Indústria goiana registra 2º maior avanço do País

Em novembro, o setor cresceu 7,4% em relação ao mesmo período do ano passado, apontou pesquisa do IBGE

Puxado pelo setor de produtos alimentícios e de derivados do petróleo e biocombustível, a produção industrial goiana cresceu 7,4% em novembro, ante o mesmo período do ano passado.

Com esse resultado, Goiás ficou com a segunda colocação entre os Estados que mais avançaram no mês, e também ficou bem acima do índice nacional que registrou um recuo de -5,8% na mesma base de comparação.

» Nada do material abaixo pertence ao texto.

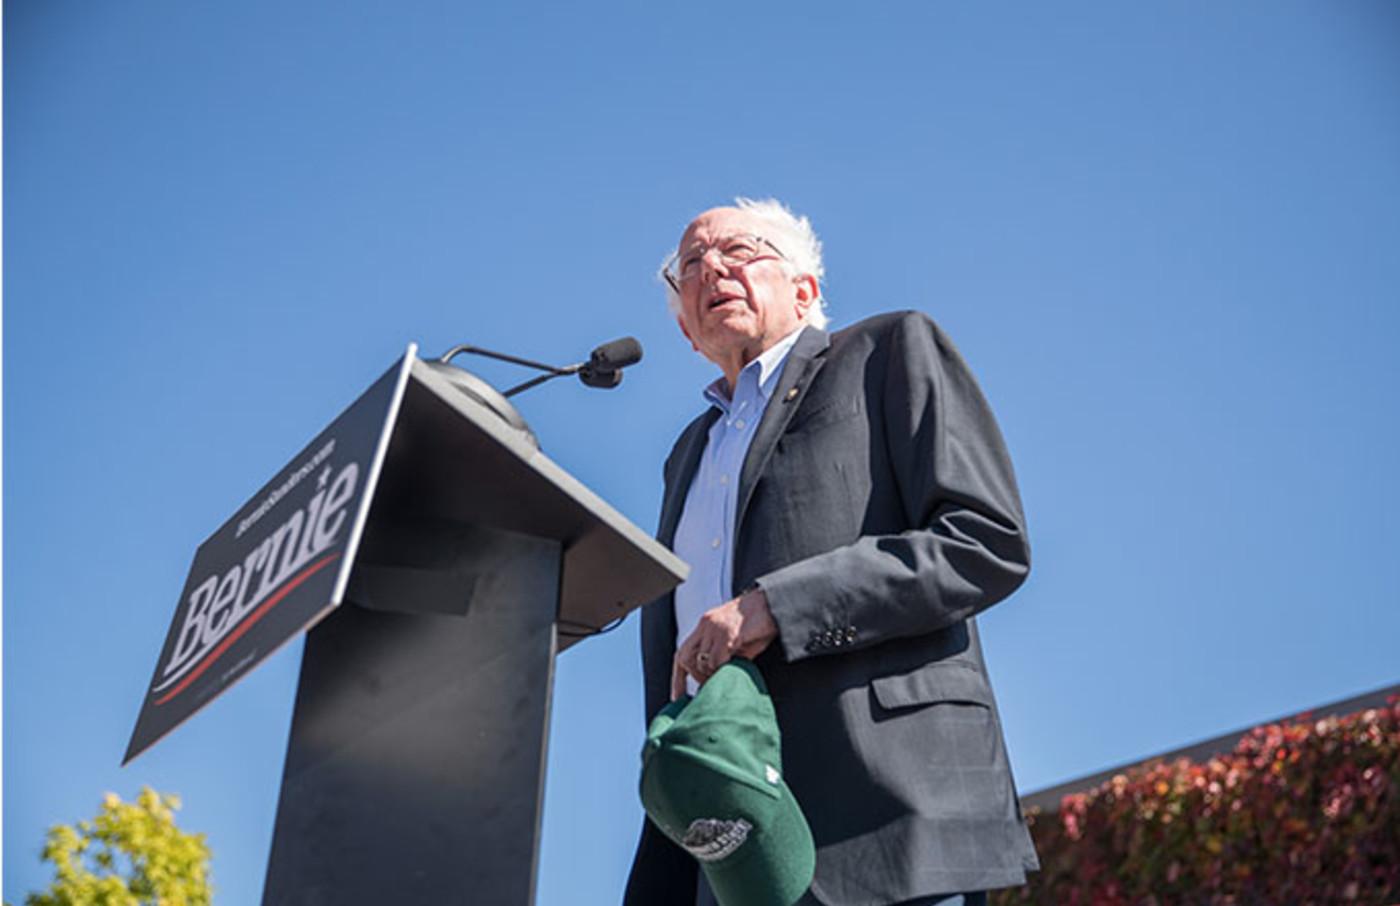 This is a photo of Bernie Sanders.

Por outro lado, a produção goiana recuou -0,1% em relação a outubro, enquanto o País também sofreu variação negativa de -0,7%. Já no acumulado do ano, Goiás soma um crescimento de 2,3%, informou ontem o Instituto Brasileiro de Geografia e Estatística (IBGE).

A indústria foi impulsionada pelo setor de produtos alimentícios (13,4%), influenciado, especialmente, pela maior produção de tortas, bagaços, farelos e outros resíduos da extração do óleo de soja.

As demais contribuições positivas vieram de coque, produtos derivados do petróleo e biocombustíveis (22,2%), de veículos automotores, reboques e carrocerias (15,8%) e de metalurgia (14,7%), explicadas, em grande parte, pelo aumento na produção de álcool etílico e biodiesel, no primeiro ramo; de automóveis, no segundo; e de ouro, no último.

Em sentido oposto, os setor que mais pressionou a produção no Estado foi o de produtos farmoquímicos e farmacêuticos (-18,6%), que assinalou o principal impacto negativo sobre a média da indústria, em grande medida, pela menor fabricação de medicamentos.Os demais recuos observados vieram dos outros produtos químicos (-17,3%) e em indústrias extrativas (-8,4%).

Brasil

A produção industrial diminuiu em 7 dos 14 locais pesquisados IBGE, em novembro na comparação com outubro. Os dados são da Pesquisa Industrial Mensal - Produção Física Regional, divulgada ontem.

Em São Paulo, região mais industrializada do país, a produção teve queda de 2,3% no período. Outras retrações importantes ocorreram no Amazonas (-4,0%), Minas Gerais (-2,6%), e Santa Catarina (-1,9%).

Ceará (-1,2%) e Rio Grande do Sul (-0,9%) também registraram quedas mais intensas do que a média nacional (-0,7%), enquanto Goiás (-0,1%) completou o conjunto de locais com índices negativos em novembro de 2014.

Por outro lado, Pernambuco (5,3%), Rio de Janeiro (2,5%) e Espírito Santo (1,7%) mostraram os maiores avanços, enquanto Nordeste (1,0%), Paraná (0,9%), Pará (0,8%) e Bahia (0,6%) tiveram expansões mais moderadas.